Pomeraniec I J, Dallapiazza R F, Sumner H M, Lopes M B, Shaffrey C I, Smith J S
J Clin Neurosci. 2015 Dec;22(12):1871-6. doi: 10.1016/j.jocn.2015.06.015. Epub 2015 Oct 23.
We present a rare extramedullary ependymoma with diffuse spinal metastatic disease, and review the previous reports of extramedullary spinal ependymomas. Ependymomas are the most common intramedullary spinal cord tumor in adults. These tumors rarely present as extramedullary masses. We treated a 23-year-old man with a history of progressive neck, shoulder and arm pain, with sensory and motor symptoms in the C7 dermatome. MRI of the cervical spine demonstrated a ventral contrast-enhancing lesion with evidence of enhancement along the dura and spinal cord of the upper cervical spine, thoracic spine, and cauda equina. He underwent a tumor debulking procedure without complications. Following surgery, he received craniospinal radiation to treat the remaining tumor and diffuse leptomeningeal disease. The final pathology of the tumor revealed that is was a World Health Organization Grade III anaplastic ependymoma. At the 1 year follow-up, the patient had stable imaging and had returned to his preoperative functional status. Of the 19 reported patients with primary intradural, extramedullary spinal ependymomas, two had extradural components and seven had anaplastic grades. Only one tumor with an anaplastic grade resulted in metastatic disease, but without spinal recurrence. To our knowledge, this is the first report of an intradural, extramedullary spinal ependymoma with an anaplastic grade, presenting with concomitant diffuse, nodular leptomeningeal metastasis involving the upper cervical spine, thoracic spine, conus medullaris, and cauda equina. Similar to the treatment of intramedullary ependymomas with metastasis, this patient underwent an aggressive debulking procedure followed by radiation therapy to the entire neuroaxis.
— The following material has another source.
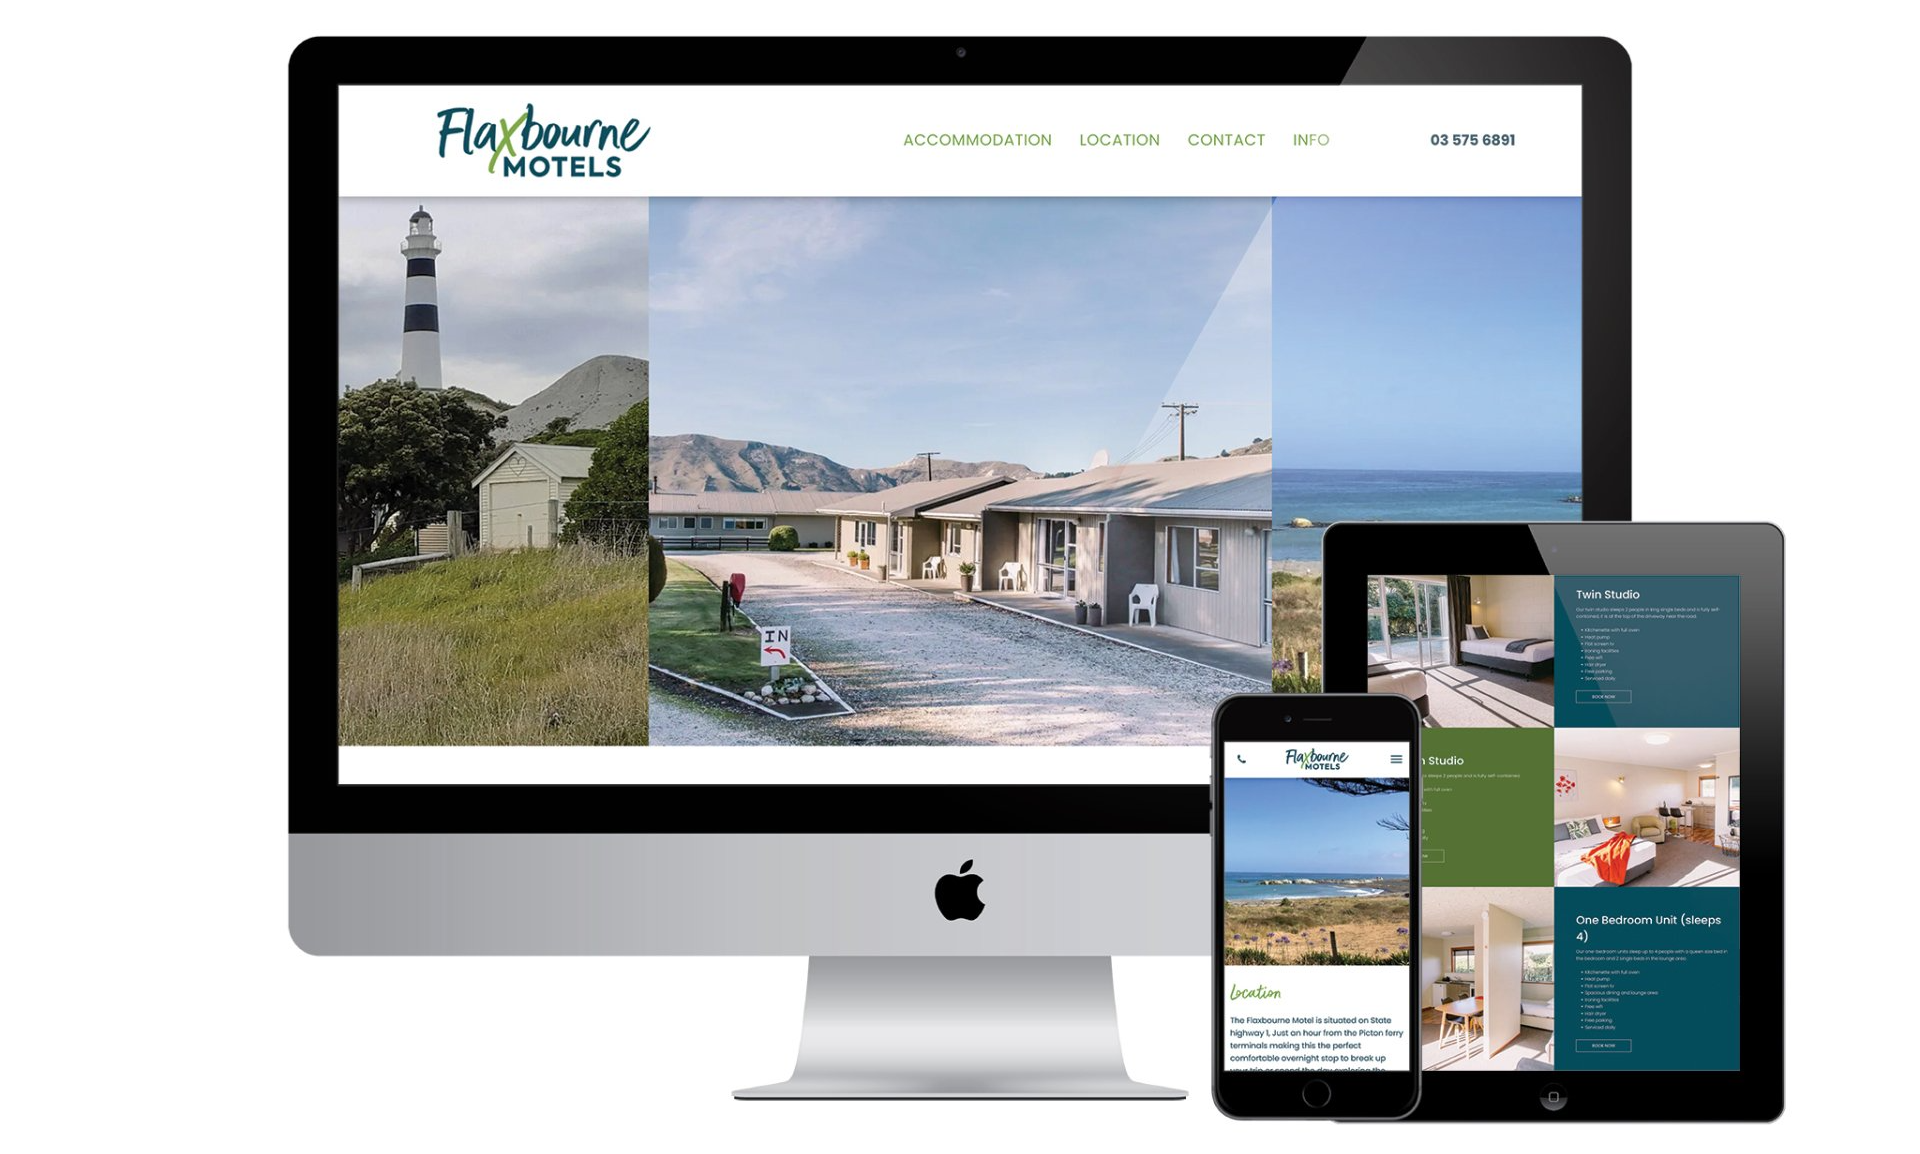 Flaxbourne Motels website designed by Vanilla Hayes creative graphic design  studio in Blenheim, Marlborough, New Zealand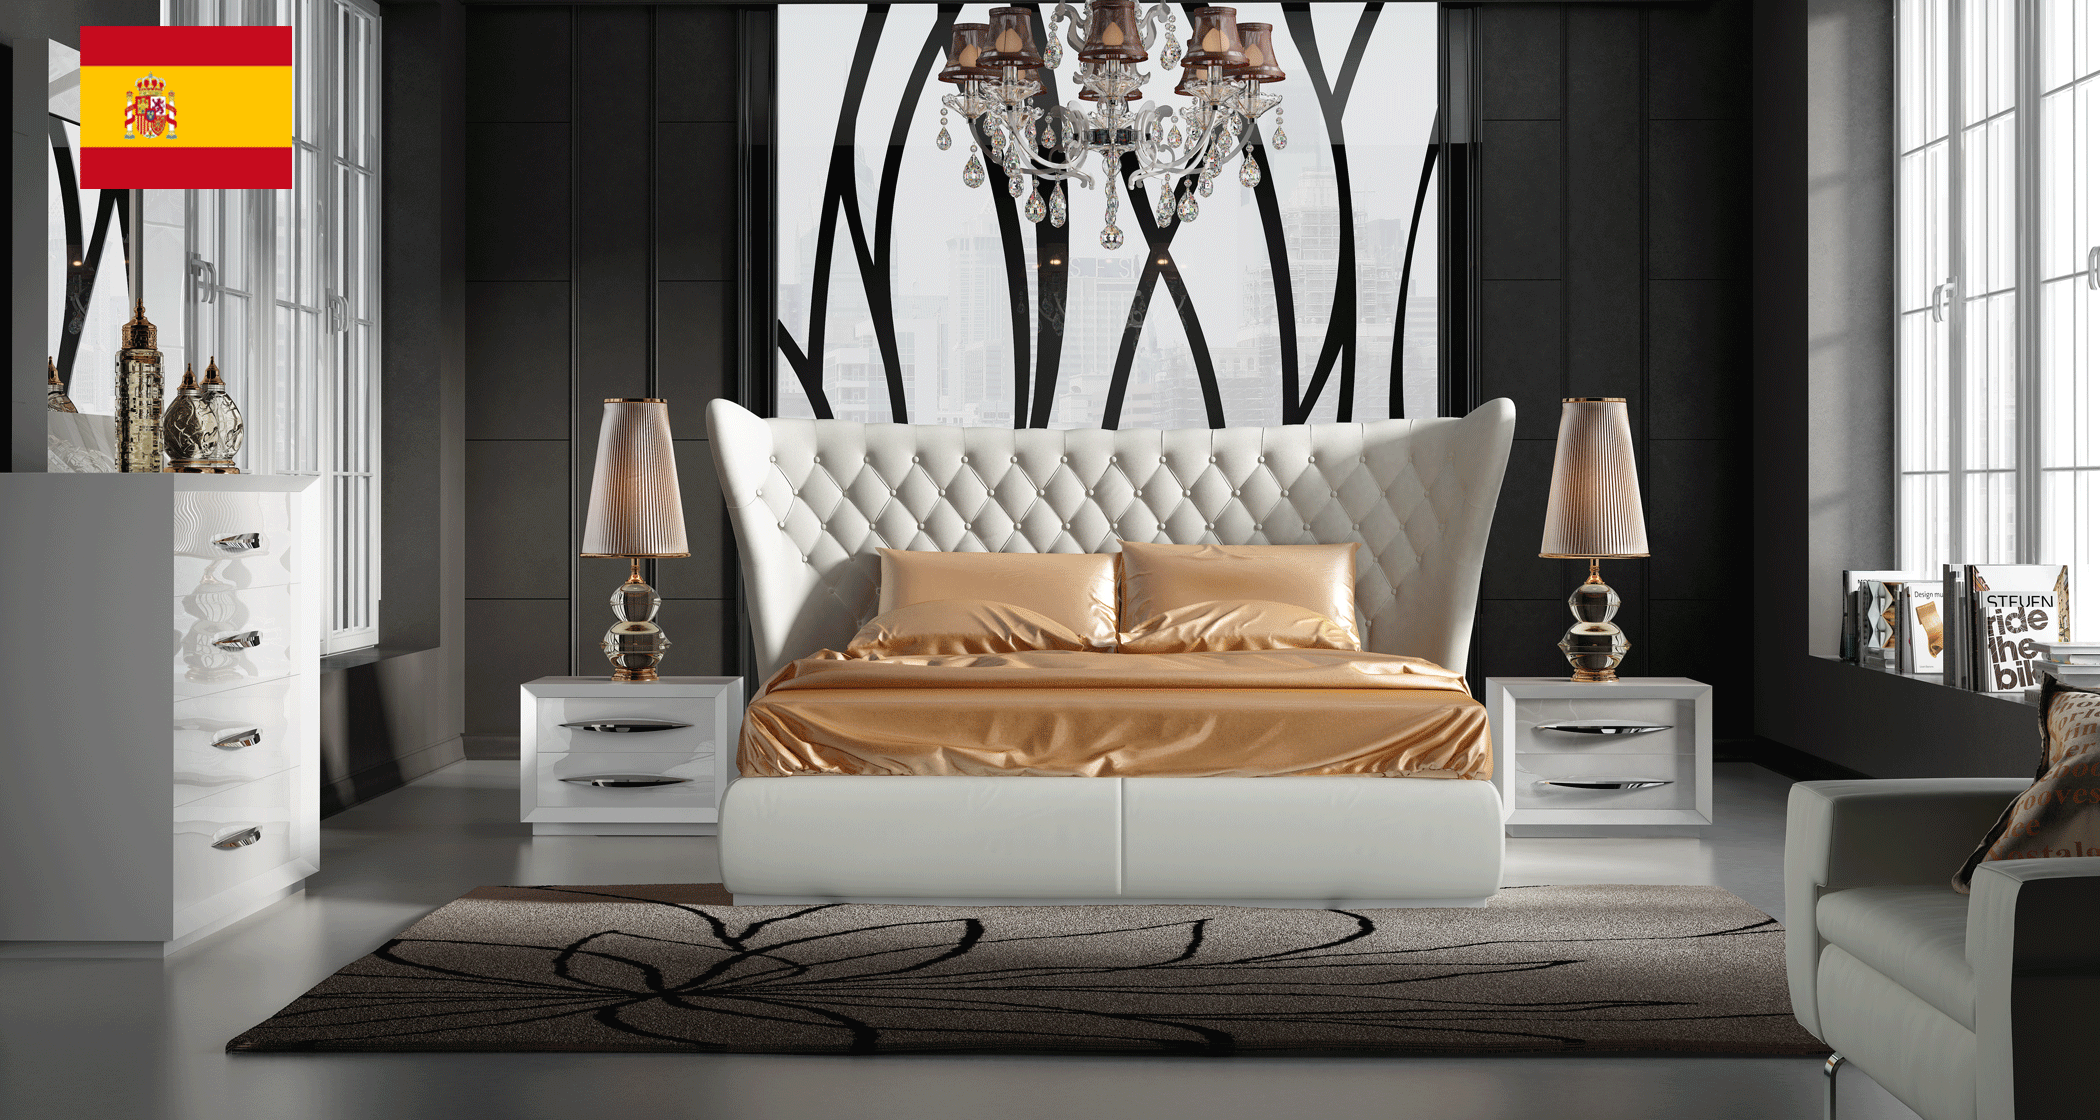 Bedroom Furniture Nightstands Miami Bedroom

我们报告一例罕见的髓外室管膜瘤伴弥漫性脊柱转移瘤病例,并回顾既往关于髓外脊柱室管膜瘤的报道。室管膜瘤是成人最常见的脊髓内肿瘤。这些肿瘤很少表现为髓外肿块。我们治疗了一名23岁男性,他有进行性颈部、肩部和手臂疼痛病史,伴有C7皮节的感觉和运动症状。颈椎MRI显示一个腹侧强化病变,沿上颈椎、胸椎和马尾的硬脑膜和脊髓有强化迹象。他接受了肿瘤减瘤手术,无并发症。术后,他接受了全脑脊髓放疗以治疗残留肿瘤和弥漫性软脑膜疾病。肿瘤的最终病理显示为世界卫生组织III级间变性室管膜瘤。在1年随访时,患者影像学稳定,已恢复到术前功能状态。在19例报告的原发性硬脊膜内、髓外脊柱室管膜瘤患者中,2例有硬膜外成分,7例为间变性分级。只有1例间变性分级的肿瘤发生了转移,但无脊柱复发。据我们所知,这是首例报告的硬脊膜内、髓外脊柱间变性室管膜瘤,伴有累及上颈椎、胸椎、脊髓圆锥和马尾的弥漫性、结节性软脑膜转移。与伴有转移的脊髓内室管膜瘤的治疗相似,该患者接受了积极的减瘤手术,随后对整个神经轴进行了放疗。